Hay que reconocer, sin embargo, que la delegación de la facultad legislativa no es en sí lo cuestionable. Oponerse a la delegación en sí es oponerse a un síntoma y no a una causa, y como aquélla puede ser el resultado necesario de otras causas, sería debilitar la argumentación. En tanto la facultad que se delega sea simplemente la de establecer reglas generales, puede haber muy buenas razones para que dicten estas reglas las autoridades locales mejor que las centrales. Lo discutible es que deba recurrirse tan a menudo a la delegación porque las cuestiones no puedan reglamentarse por preceptos generales, sino únicamente por la decisión discrecional en cada caso particular.

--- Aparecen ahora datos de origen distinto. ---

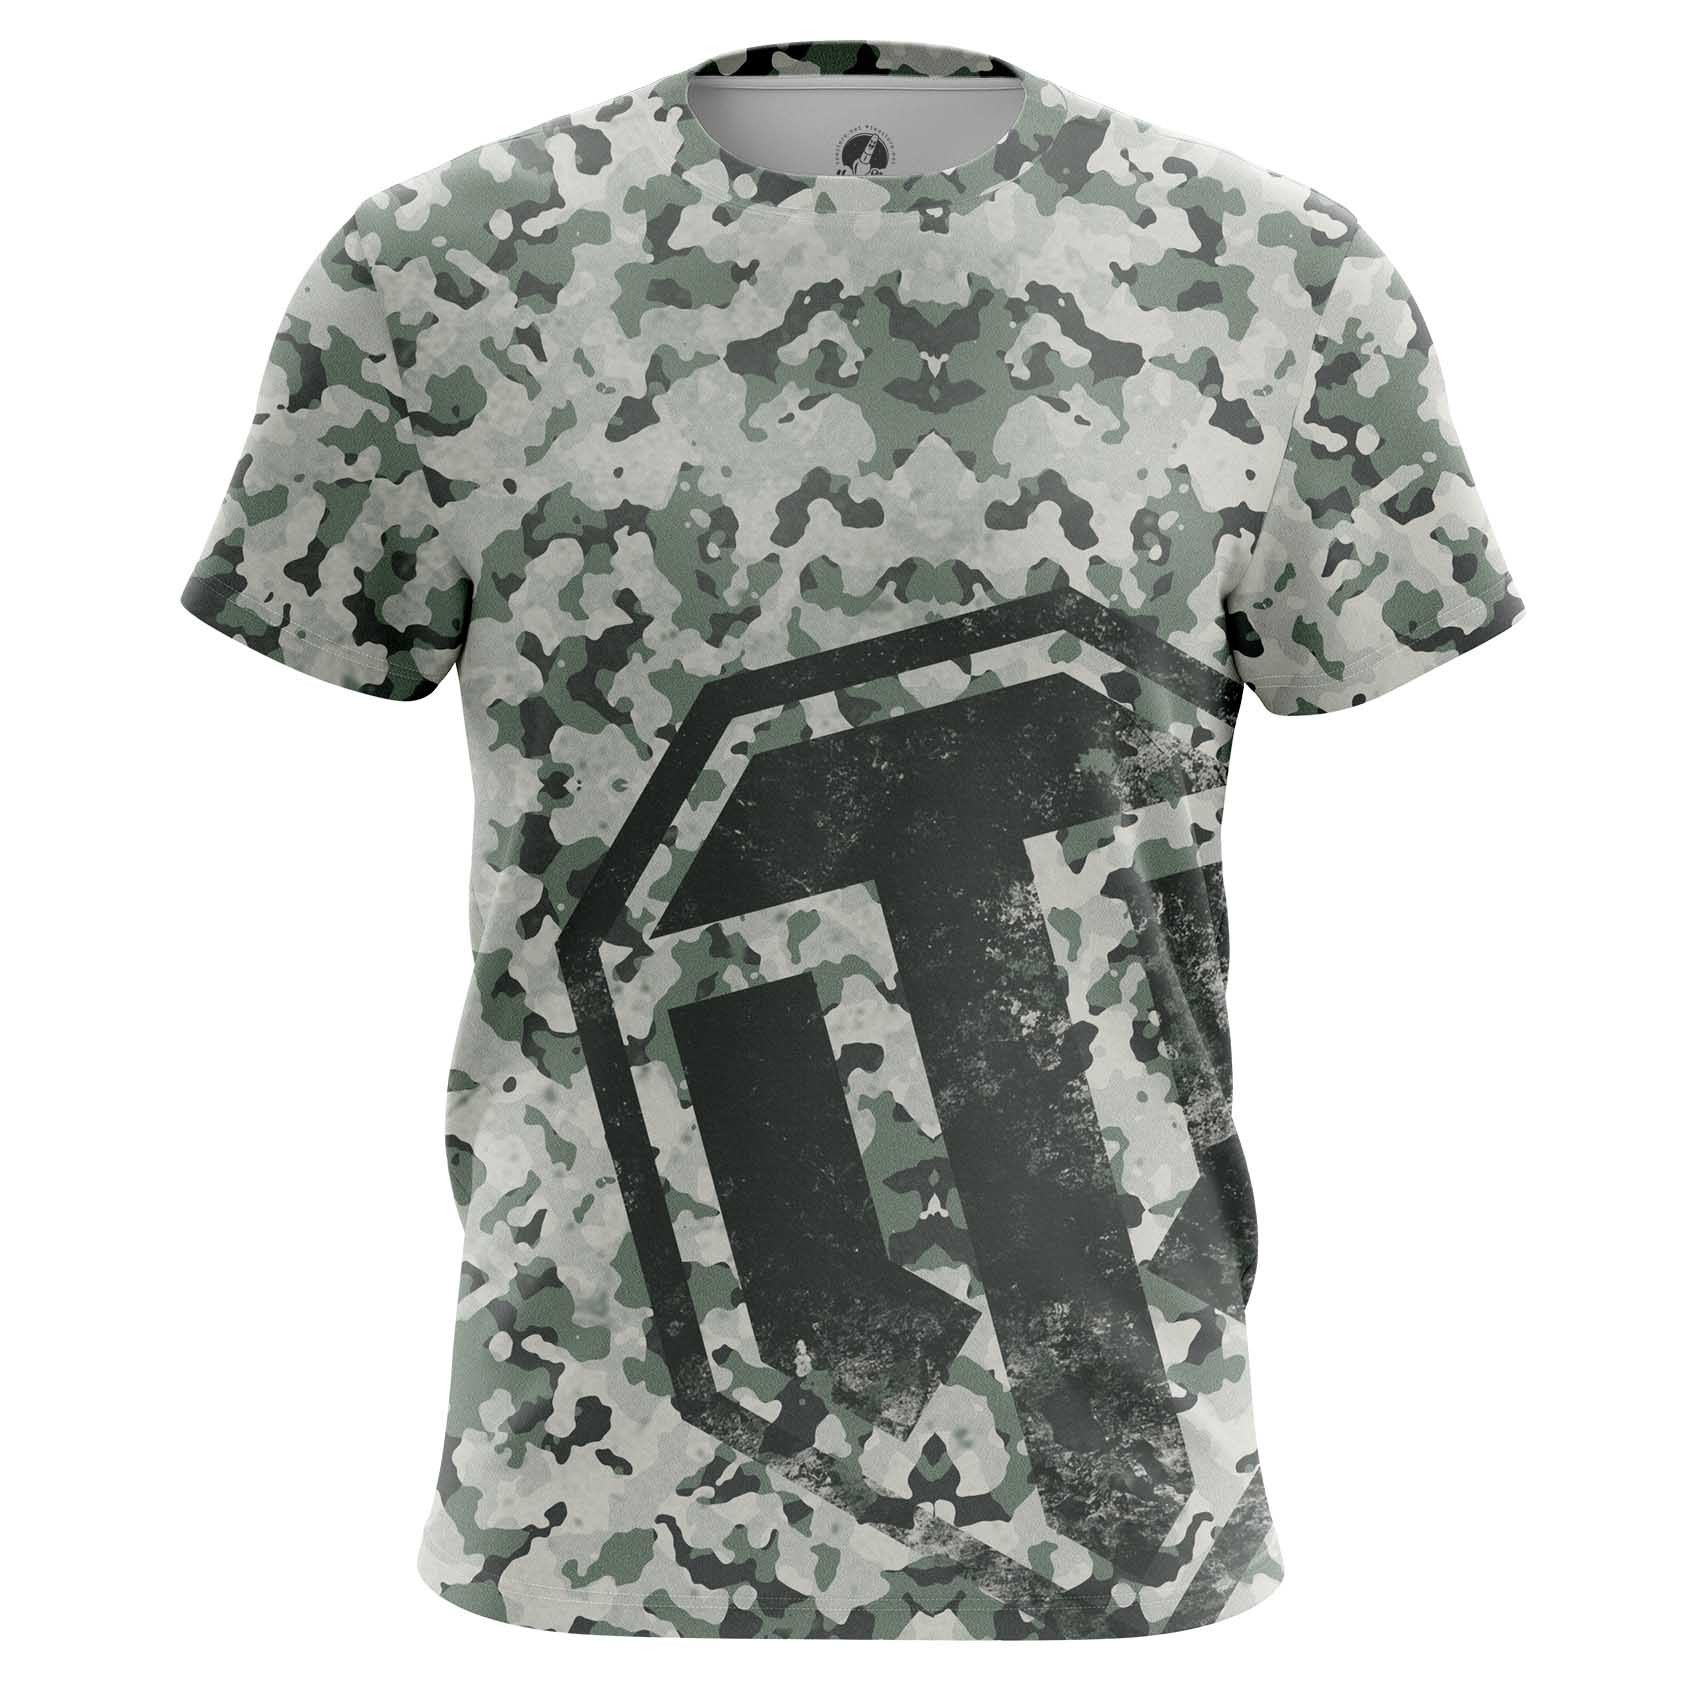 Merch Men'S T-Shirt World Of Tanks Navi Military Pattern

Entonces la delegación significa que se ha concedido poder a alguna autoridad para dar fuerza de ley a lo que, a todos los efectos, son decisiones arbitrarias (descritas comúnmente con la expresión «juzgar el caso según sus circunstancias particulares»).

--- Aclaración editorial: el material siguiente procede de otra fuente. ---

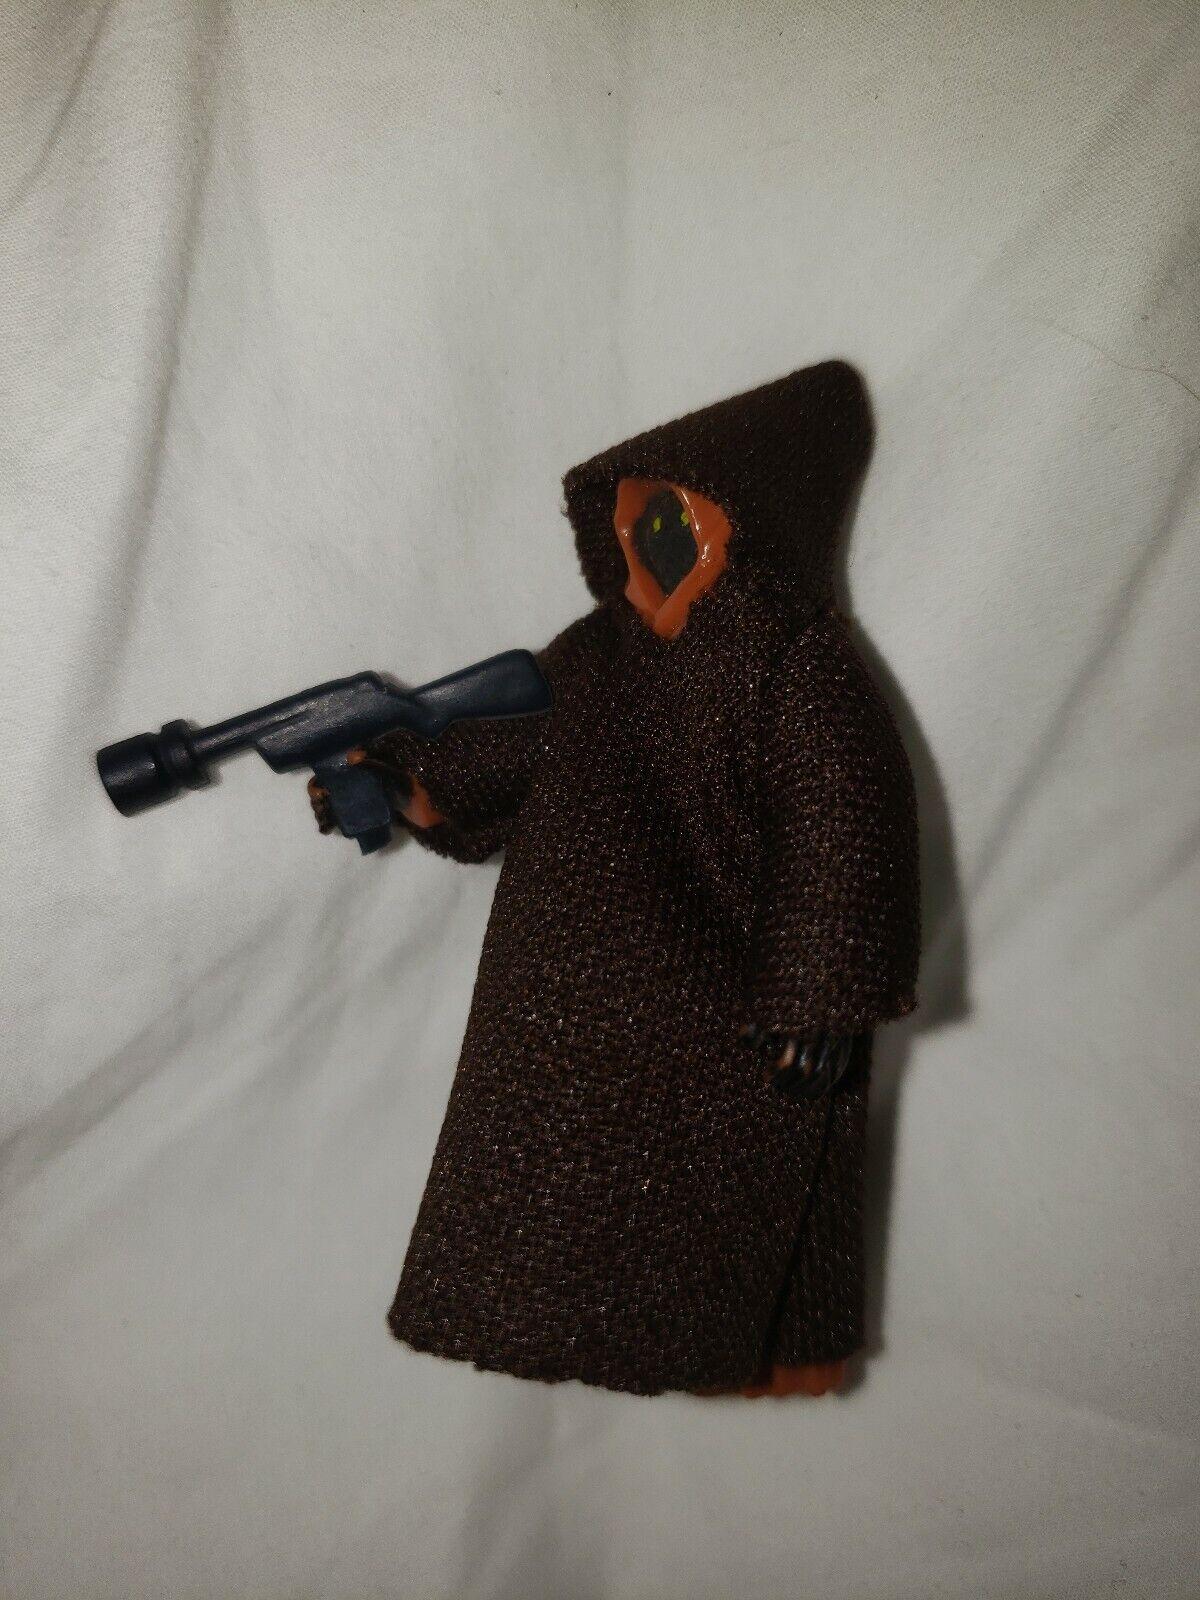 Star Wars Jawa 1977 Blaster Gun v1 Original figure accessory

La delegación de las diversas tareas técnicas a organismos separados, cuando se convierte en un hecho normal, es tan sólo el primer paso en el proceso por el cual una democracia que se embarca en la planificación cede progresivamente sus facultades. El expediente de la delegación no puede, en realidad, eliminar las causas de la impotencia de la democracia, que tanto impacienta a los abogados de la planificación general. La delegación de facultades particulares en organismos autónomos crea un nuevo obstáculo para la consecución de un plan unitario coordinado. Aun si, por este expediente, una democracia lograse planificar todos los sectores de la actividad económica, todavía se vería frente al problema de integrar estos planes separados en un todo unitario. Muchos planes separados no forman un todo planificado —como, de hecho, los planificadores tienen que ser los primeros en admitir— y el resultado aún sería peor que la falta de un plan. Pero los cuerpos legislativos democráticos dudarán mucho antes de ceder la facultad de decisión sobre los puntos de interés vital, y en tanto no la cedan harán imposible a cualquiera la consecución de un plan general. Sin embargo, el acuerdo sobre la necesidad de la planificación, junto con la incapacidad de las asambleas democráticas para producir un plan, provocará demandas cada vez más fuertes a fin de que se otorguen al gobierno o a algún individuo en particular poderes para actuar bajo su propia responsabilidad. Cada vez se extiende más la creencia en que, para que las cosas marchen, las autoridades responsables han de verse libres de las trabas del procedimiento democrático.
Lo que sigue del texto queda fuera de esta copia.